**SOURCE DATA**
----
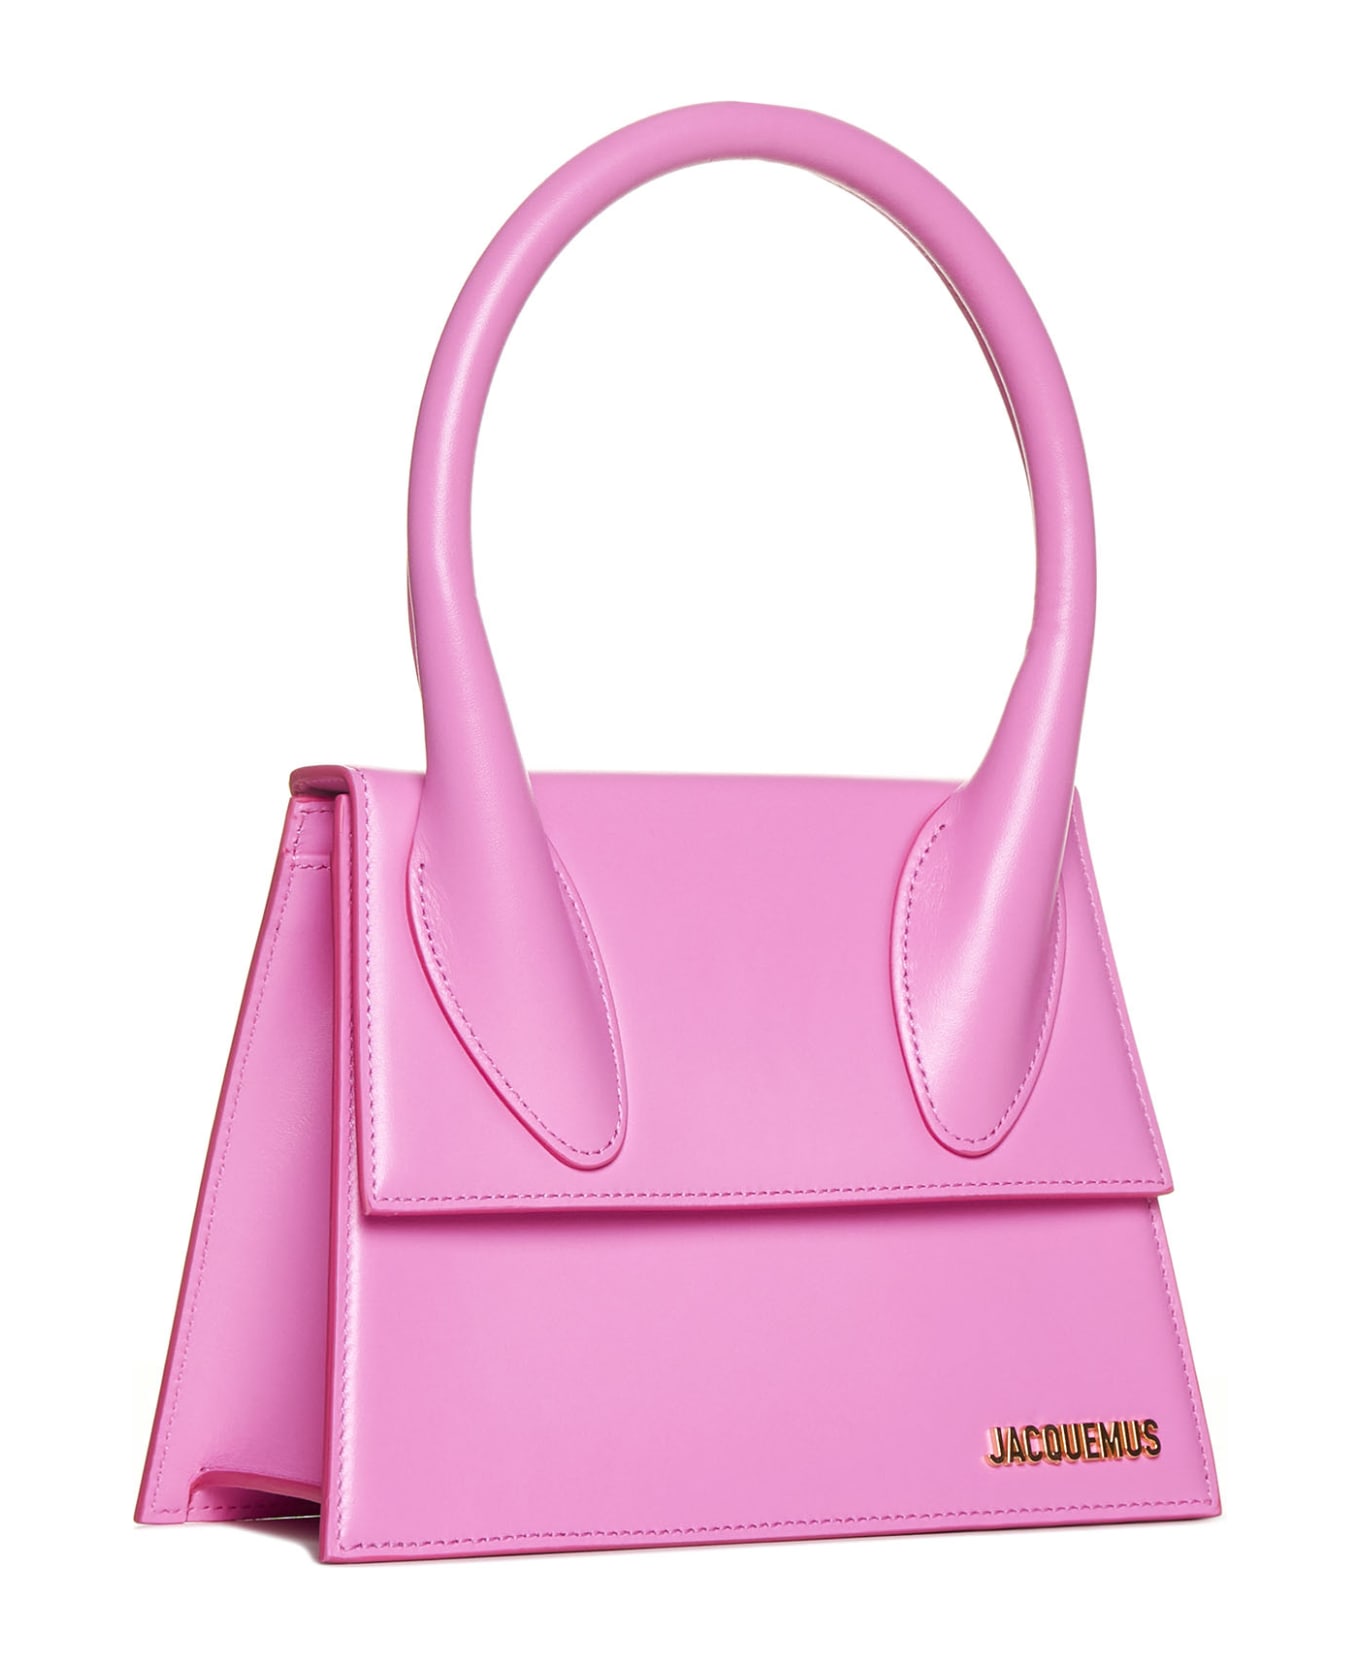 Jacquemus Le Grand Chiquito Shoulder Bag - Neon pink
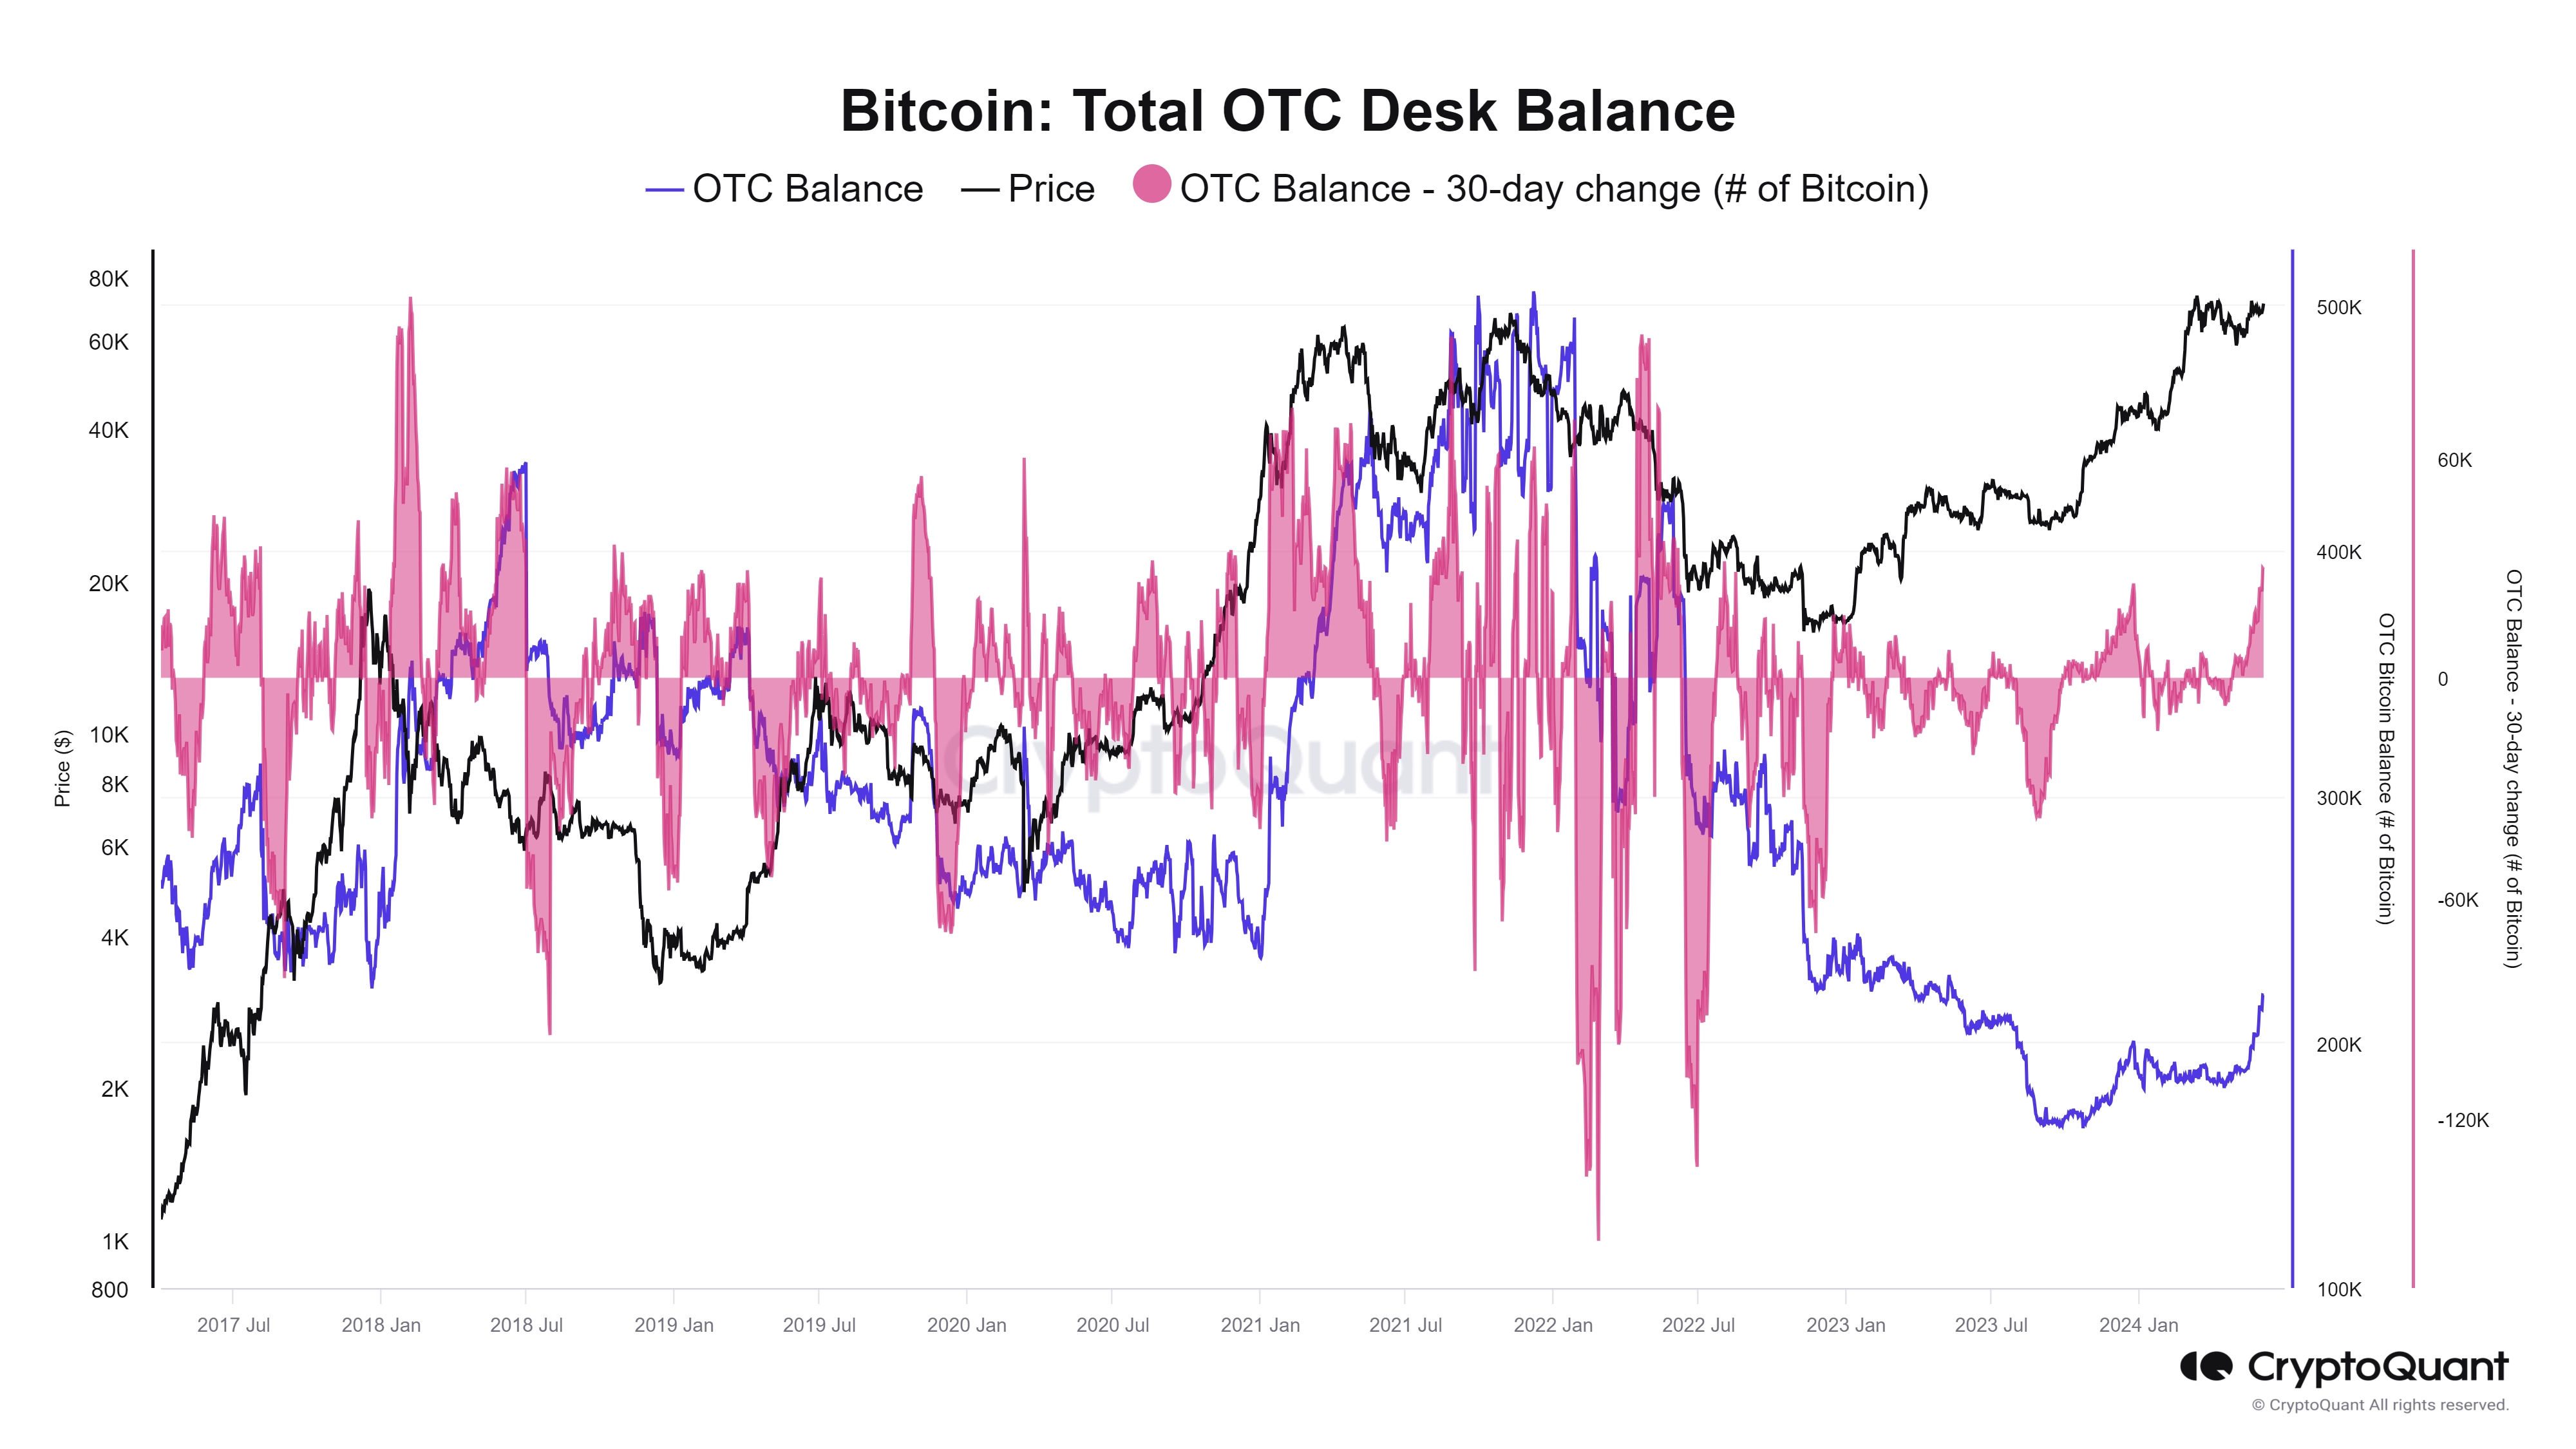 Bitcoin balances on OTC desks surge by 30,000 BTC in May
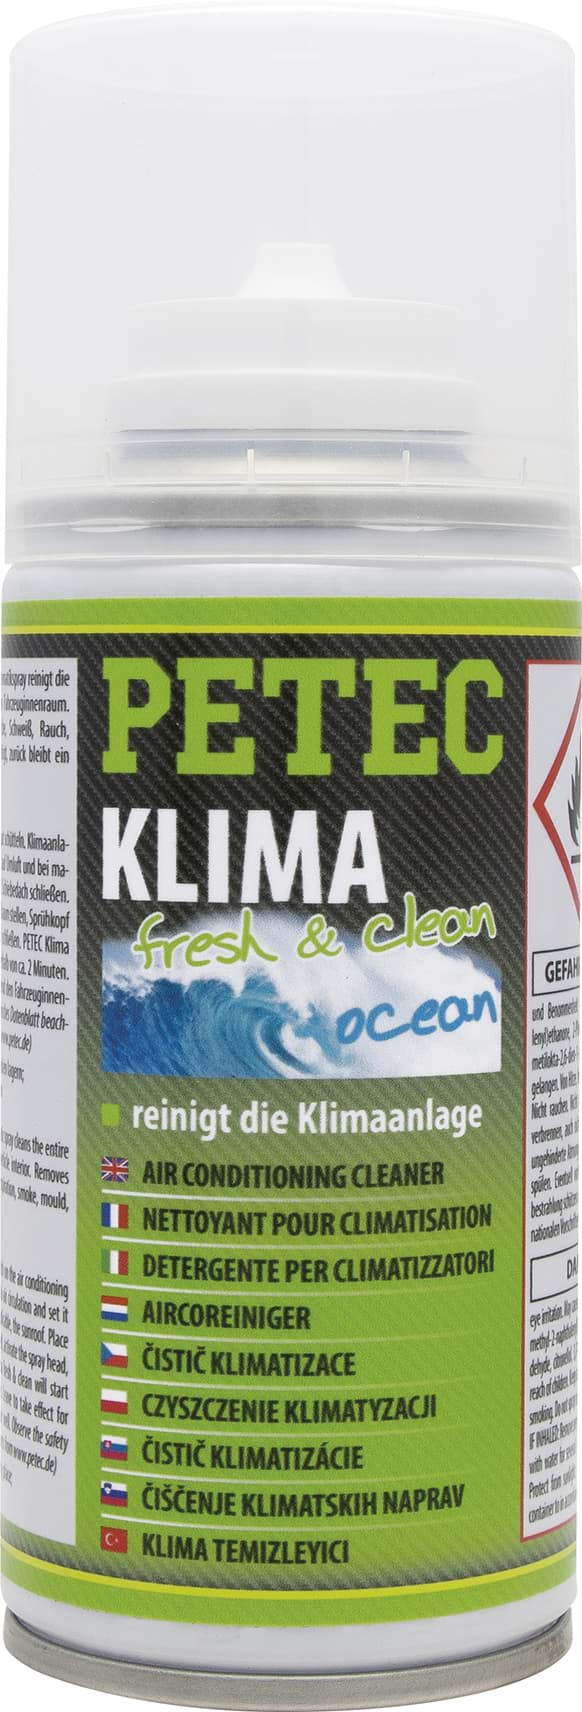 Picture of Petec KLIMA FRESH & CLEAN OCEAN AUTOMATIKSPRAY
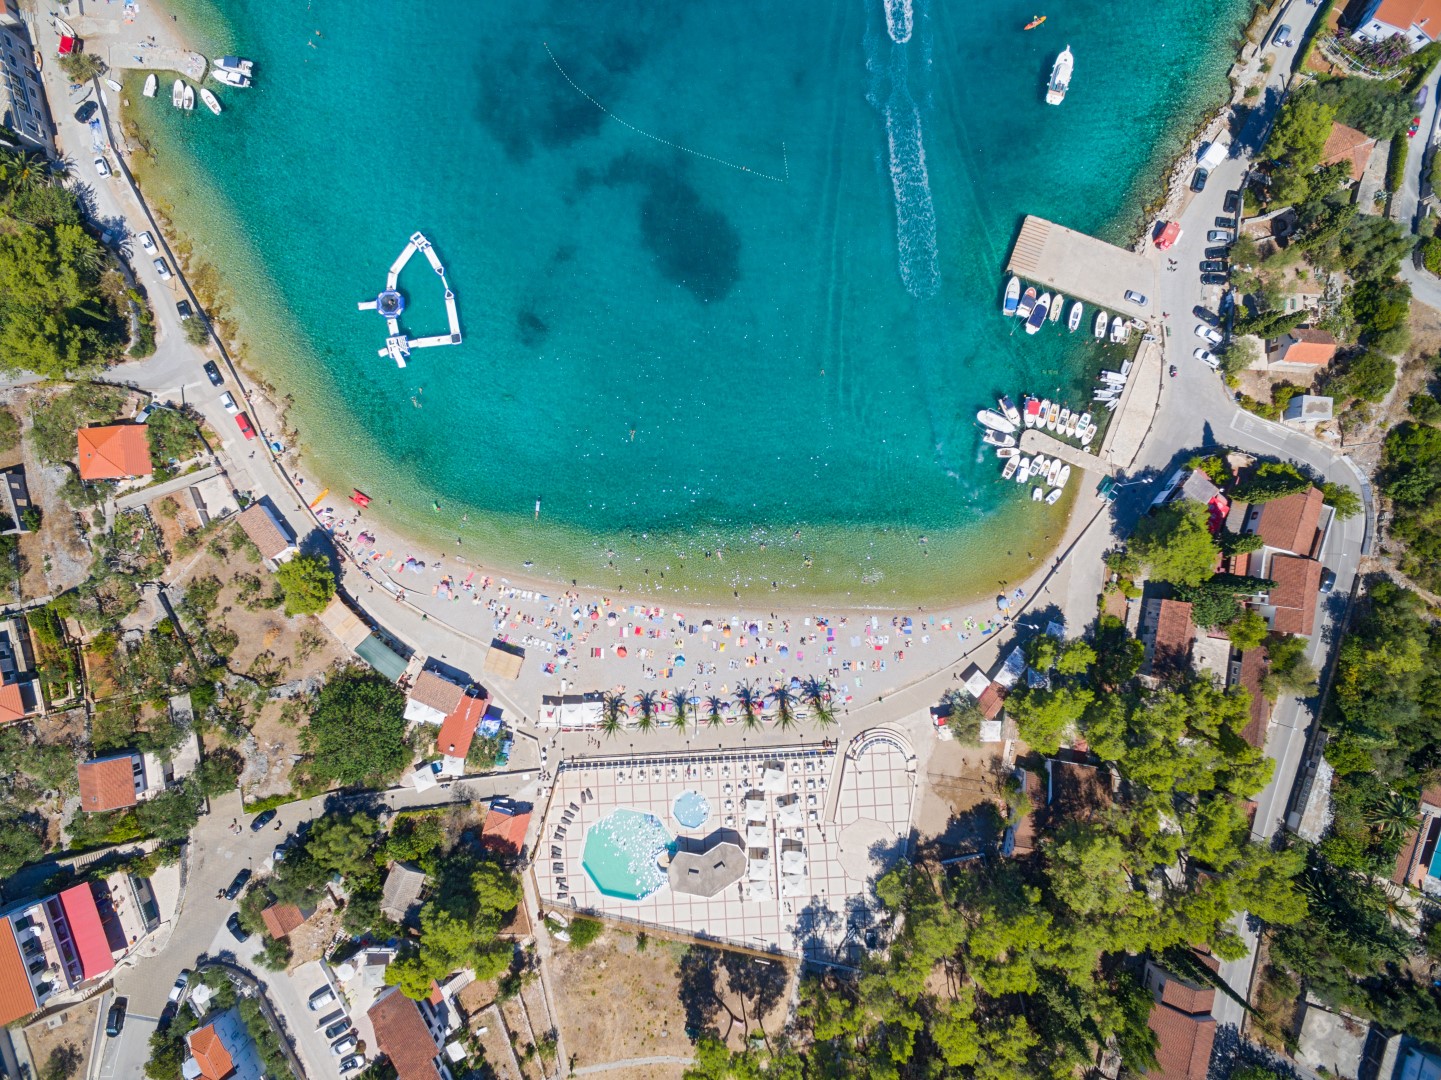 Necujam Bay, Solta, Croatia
----
**WHAT THE EXERCISE ASKS**
No pictures belong in the copy. Retype exactly, and only, the lines from the line containing "Bitcoin balances on" through the last line of the data, both included.

**EXPECTED ANSWER**
 Bitcoin balances on OTC desks surge by 30,000 BTC in May
 Picture of Petec KLIMA FRESH & CLEAN OCEAN AUTOMATIKSPRAY
 Necujam Bay, Solta, Croatia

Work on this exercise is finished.